# PROBLEM STATEMENT:
Lines before the one containing "Vintage 100% Wool" are to be skipped; reproduce that line and the rest of the records below exactly.

[Extracted records]
.....

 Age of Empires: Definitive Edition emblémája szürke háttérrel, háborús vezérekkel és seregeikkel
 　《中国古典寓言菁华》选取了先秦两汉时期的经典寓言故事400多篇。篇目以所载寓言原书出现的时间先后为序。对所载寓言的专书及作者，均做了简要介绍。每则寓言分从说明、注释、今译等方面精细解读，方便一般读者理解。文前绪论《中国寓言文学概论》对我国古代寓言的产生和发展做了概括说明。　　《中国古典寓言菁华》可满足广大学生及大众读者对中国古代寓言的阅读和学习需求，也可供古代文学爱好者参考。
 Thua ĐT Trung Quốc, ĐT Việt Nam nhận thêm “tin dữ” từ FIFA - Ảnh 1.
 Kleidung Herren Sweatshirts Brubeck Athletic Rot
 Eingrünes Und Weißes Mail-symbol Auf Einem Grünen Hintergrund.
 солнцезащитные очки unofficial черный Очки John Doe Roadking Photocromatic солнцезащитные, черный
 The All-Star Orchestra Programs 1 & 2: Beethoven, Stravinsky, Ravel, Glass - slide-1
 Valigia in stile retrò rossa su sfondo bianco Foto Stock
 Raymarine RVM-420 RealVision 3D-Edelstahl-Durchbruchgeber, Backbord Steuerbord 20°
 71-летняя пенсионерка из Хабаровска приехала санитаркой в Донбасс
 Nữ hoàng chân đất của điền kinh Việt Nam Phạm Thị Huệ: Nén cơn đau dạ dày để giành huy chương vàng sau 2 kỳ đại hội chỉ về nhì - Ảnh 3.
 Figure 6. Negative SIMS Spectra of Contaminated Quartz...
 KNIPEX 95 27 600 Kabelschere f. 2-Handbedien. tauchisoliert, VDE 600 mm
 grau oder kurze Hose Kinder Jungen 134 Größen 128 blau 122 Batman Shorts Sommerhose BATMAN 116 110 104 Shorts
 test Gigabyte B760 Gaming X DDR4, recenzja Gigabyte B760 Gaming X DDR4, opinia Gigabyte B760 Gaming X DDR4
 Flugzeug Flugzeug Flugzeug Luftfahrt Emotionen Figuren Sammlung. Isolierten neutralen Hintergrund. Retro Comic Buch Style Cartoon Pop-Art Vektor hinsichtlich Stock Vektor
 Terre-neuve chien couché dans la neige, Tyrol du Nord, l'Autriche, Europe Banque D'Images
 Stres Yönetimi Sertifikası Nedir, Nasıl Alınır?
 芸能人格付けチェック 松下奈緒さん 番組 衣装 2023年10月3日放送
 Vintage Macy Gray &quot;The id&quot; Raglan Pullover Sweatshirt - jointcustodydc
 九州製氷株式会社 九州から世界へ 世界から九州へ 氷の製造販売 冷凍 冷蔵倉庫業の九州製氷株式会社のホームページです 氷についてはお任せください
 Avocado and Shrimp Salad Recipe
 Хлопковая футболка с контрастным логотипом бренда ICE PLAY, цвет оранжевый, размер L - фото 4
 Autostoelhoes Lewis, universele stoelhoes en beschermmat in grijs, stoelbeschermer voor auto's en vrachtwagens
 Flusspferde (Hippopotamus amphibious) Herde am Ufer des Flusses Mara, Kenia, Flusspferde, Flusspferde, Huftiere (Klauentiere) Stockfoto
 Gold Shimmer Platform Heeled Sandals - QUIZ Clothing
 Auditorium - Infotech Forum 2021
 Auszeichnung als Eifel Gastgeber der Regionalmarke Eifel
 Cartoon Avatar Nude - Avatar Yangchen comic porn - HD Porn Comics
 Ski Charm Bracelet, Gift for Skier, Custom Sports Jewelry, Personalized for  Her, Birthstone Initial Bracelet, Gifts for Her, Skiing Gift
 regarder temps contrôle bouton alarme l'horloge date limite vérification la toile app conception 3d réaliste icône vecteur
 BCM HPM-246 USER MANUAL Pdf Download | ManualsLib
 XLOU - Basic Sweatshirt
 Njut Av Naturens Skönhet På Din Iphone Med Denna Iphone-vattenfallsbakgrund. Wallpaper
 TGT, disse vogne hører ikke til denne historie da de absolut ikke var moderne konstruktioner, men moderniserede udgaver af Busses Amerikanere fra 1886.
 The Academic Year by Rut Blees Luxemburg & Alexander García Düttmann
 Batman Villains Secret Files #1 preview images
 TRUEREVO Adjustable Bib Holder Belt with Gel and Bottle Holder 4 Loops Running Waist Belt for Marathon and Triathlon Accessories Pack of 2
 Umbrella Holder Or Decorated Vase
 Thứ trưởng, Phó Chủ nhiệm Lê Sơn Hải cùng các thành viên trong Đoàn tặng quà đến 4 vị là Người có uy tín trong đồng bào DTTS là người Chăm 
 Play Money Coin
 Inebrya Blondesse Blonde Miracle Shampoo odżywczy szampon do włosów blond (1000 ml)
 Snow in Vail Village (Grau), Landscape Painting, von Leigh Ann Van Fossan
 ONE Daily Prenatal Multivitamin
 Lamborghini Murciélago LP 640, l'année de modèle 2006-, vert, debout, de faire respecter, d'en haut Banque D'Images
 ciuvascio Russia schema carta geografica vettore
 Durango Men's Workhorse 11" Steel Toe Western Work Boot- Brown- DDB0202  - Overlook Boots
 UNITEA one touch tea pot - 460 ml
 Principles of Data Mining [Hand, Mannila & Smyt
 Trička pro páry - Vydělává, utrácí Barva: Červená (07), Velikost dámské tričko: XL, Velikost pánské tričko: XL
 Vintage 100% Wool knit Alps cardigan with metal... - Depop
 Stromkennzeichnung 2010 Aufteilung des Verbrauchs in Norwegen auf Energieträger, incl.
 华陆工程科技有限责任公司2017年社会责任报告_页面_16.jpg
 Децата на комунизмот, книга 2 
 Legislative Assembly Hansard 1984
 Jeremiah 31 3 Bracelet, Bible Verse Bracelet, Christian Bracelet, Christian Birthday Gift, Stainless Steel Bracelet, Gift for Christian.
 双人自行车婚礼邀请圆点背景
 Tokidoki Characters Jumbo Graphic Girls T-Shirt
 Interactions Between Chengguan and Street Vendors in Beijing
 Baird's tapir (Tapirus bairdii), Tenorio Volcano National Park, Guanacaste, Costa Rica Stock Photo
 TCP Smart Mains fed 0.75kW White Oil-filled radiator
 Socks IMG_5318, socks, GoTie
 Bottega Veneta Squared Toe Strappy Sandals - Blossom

.....

# WRITTEN REPLY:
 Vintage 100% Wool knit Alps cardigan with metal... - Depop
 Stromkennzeichnung 2010 Aufteilung des Verbrauchs in Norwegen auf Energieträger, incl.
 华陆工程科技有限责任公司2017年社会责任报告_页面_16.jpg
 Децата на комунизмот, книга 2 
 Legislative Assembly Hansard 1984
 Jeremiah 31 3 Bracelet, Bible Verse Bracelet, Christian Bracelet, Christian Birthday Gift, Stainless Steel Bracelet, Gift for Christian.
 双人自行车婚礼邀请圆点背景
 Tokidoki Characters Jumbo Graphic Girls T-Shirt
 Interactions Between Chengguan and Street Vendors in Beijing
 Baird's tapir (Tapirus bairdii), Tenorio Volcano National Park, Guanacaste, Costa Rica Stock Photo
 TCP Smart Mains fed 0.75kW White Oil-filled radiator
 Socks IMG_5318, socks, GoTie
 Bottega Veneta Squared Toe Strappy Sandals - Blossom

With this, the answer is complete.